Também o "Guia Litúrgico-Pastoral" da CNBB (Edições CNBB, 2007) dedica algumas páginas à dança litúrgica, orientando como e quando deve ser feita, respeitando-se sempre o sentido ministerial dos diferentes momentos celebrativos, e recomendando ainda que "se usem vestes dignas e adequadas..."
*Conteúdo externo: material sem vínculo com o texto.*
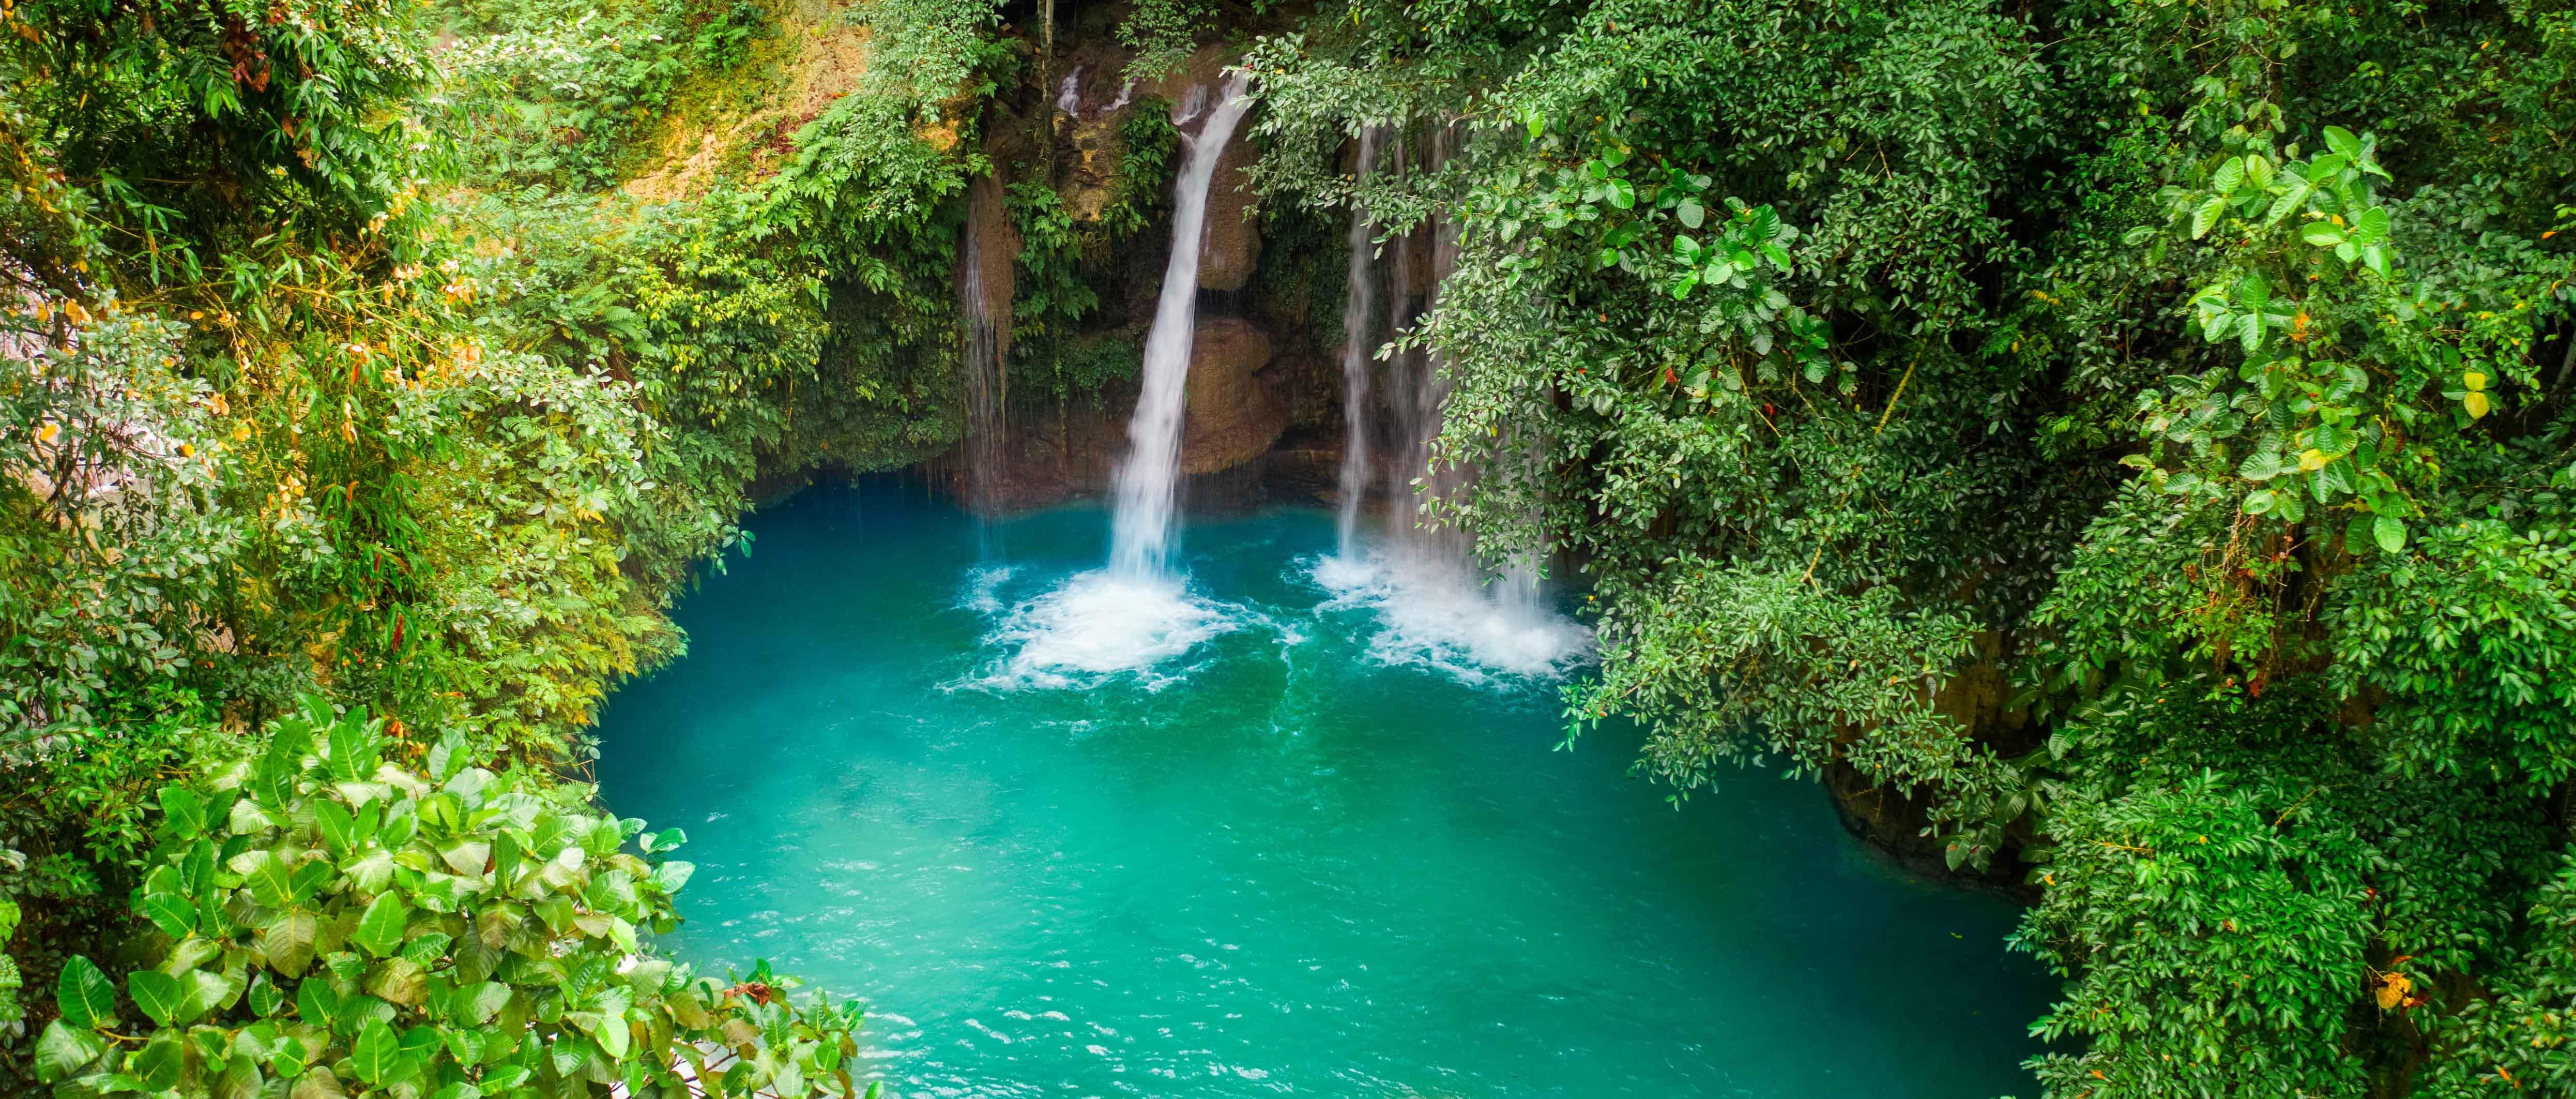 Cebu Badian Kawasan Falls Private Tour with Transfers from Cebu City or Mactan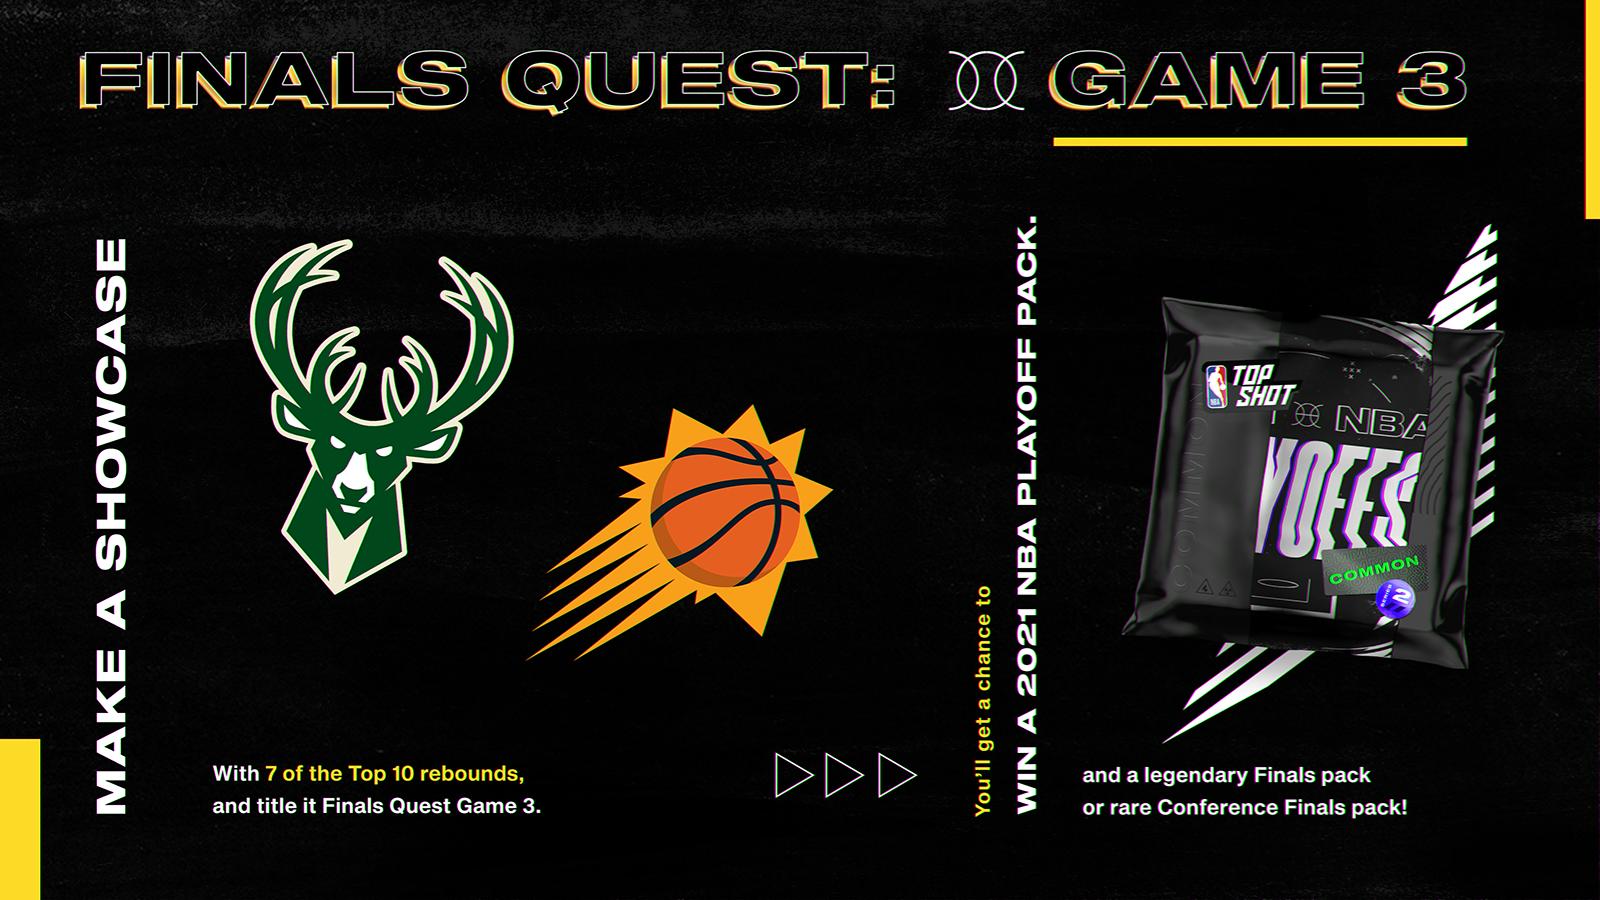 Game 3: Can the Bucks rebound down 2-0?

Como não temos uma tradição de dança nas celebrações, nossos Bispos pedem discernimento, sensibilidade e prudência pastoral no uso da dança litúrgica, respeitando-se a cultura do povo, que é afinal o sujeito da ação litúrgica.
Além do livro "Música, dança e poesia na Bíblia", de Maria Victoria Triviño Monrabal (Paulus, 2006), vale a pena consultar o Estudo da CNBB 79 - "A música litúrgica no Brasil" ( Paulus, São Paulo, 1999), do nr. 206 ao 219, que faz interessantes considerações sobre a dança litúrgica, como criadora de harmonia entre o espírito e o corpo, entre a pessoa e a comunidade, entre o visível e o invisível. Parafraseando o Evangelho de João, nos diz que "o Verbo se fez dança e exultou no meio de nós!"
Fica então a pergunta, feita pelo próprio Estudo 79: E por que não a dança?...
*Ir. Miria Kolling é Religiosa da Congregação do Imaculado Coração de Maria, compositora da música litúrgica e religiosa, musicista, pedagoga, gravou mais de 30 trabalhos em LPs e CDs, como também livros sobre canto e liturgia.